Ali WebShaper Sets New Benchmark in AI Information Retrieval

Alibaba's Tongyi Lab has unveiled WebShaper, the fourth installment in its WebAgent series, introducing a revolutionary "formal-driven" approach to information retrieval. This framework has demonstrated superior performance on the GAIA benchmark, scoring 60.19—outpacing industry leaders Claude 3.5 Sonnet and GPT-4o.

A Paradigm Shift: From Information-Driven to Formal-Driven

Traditional information retrieval methods often struggle with misaligned structures and limited knowledge coverage.
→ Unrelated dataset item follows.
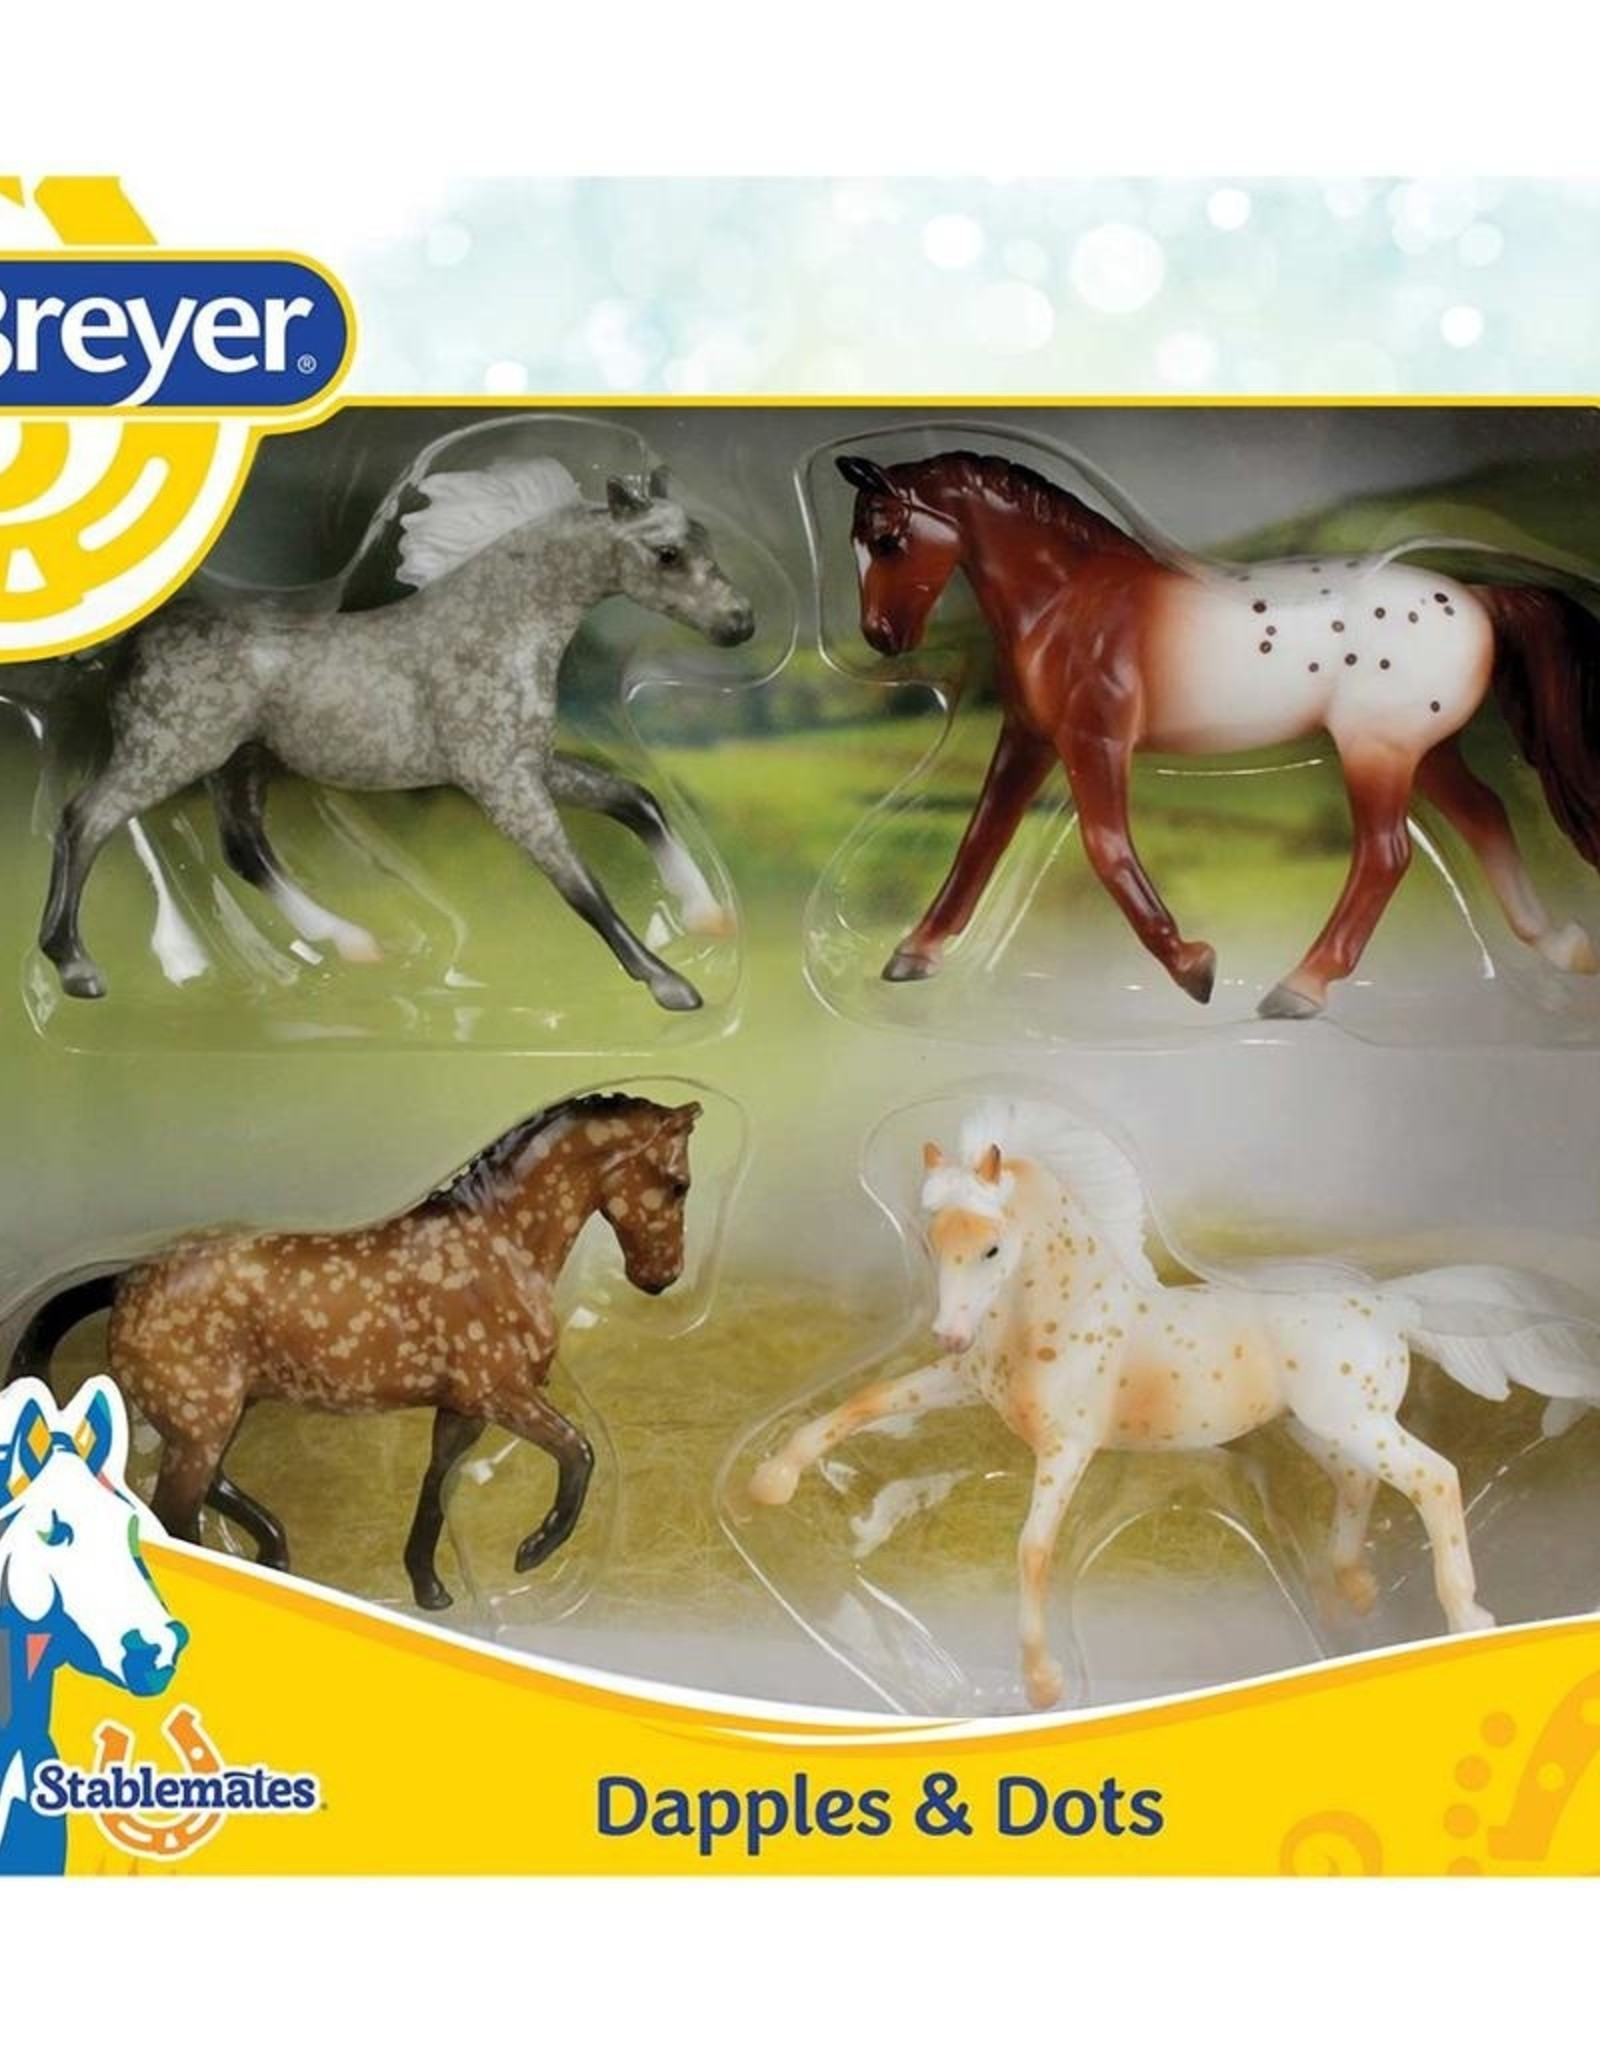 Breyer Dapples & Dots 4-Horse Set

WebShaper addresses these challenges through its innovative formal-driven paradigm, which systematically formalizes tasks to redefine data generation and model training.
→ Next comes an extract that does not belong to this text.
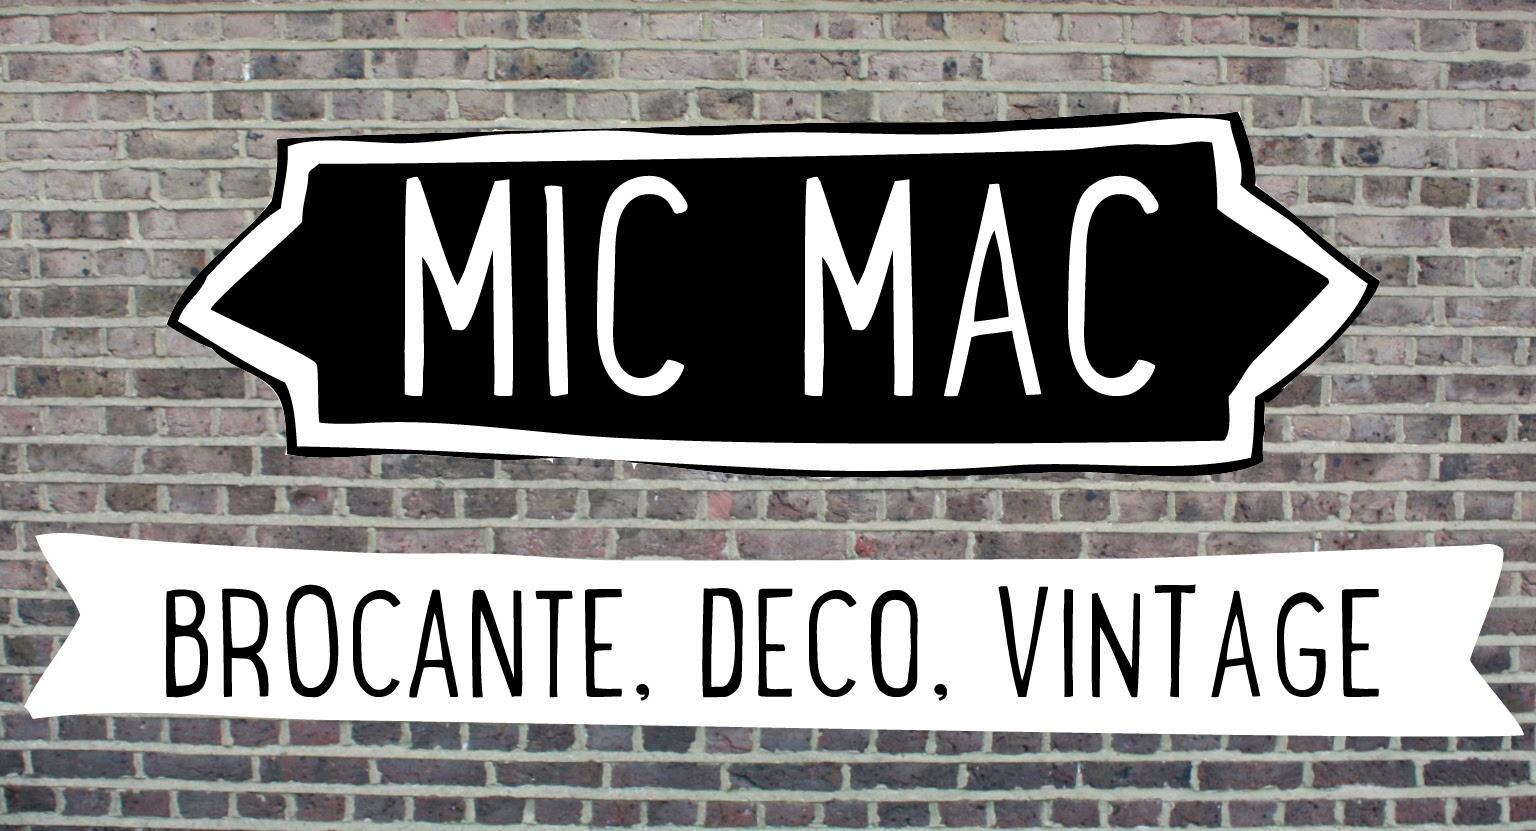 Mic Mac Boutique

The framework employs an Agentic Expander to iteratively generate and verify questions, ensuring high semantic consistency between knowledge and reasoning structures. This method not only improves data quality but also significantly boosts performance in complex retrieval tasks.

Impressive Benchmark Results

WebShaper's achievements extend beyond GAIA. It also scored 52.50 on the WebWalkerQA benchmark, showcasing its strength in web traversal and information retrieval. These results position WebShaper as a new benchmark for open-source models.

Innovative Dataset Generation

At its core, WebShaper introduces a logic-driven training paradigm. Unlike traditional methods, it systematically generates structured training data through formalization, ensuring semantic consistency. The SailorFog-QA dataset, created using graph sampling and information blurring techniques, exemplifies this approach.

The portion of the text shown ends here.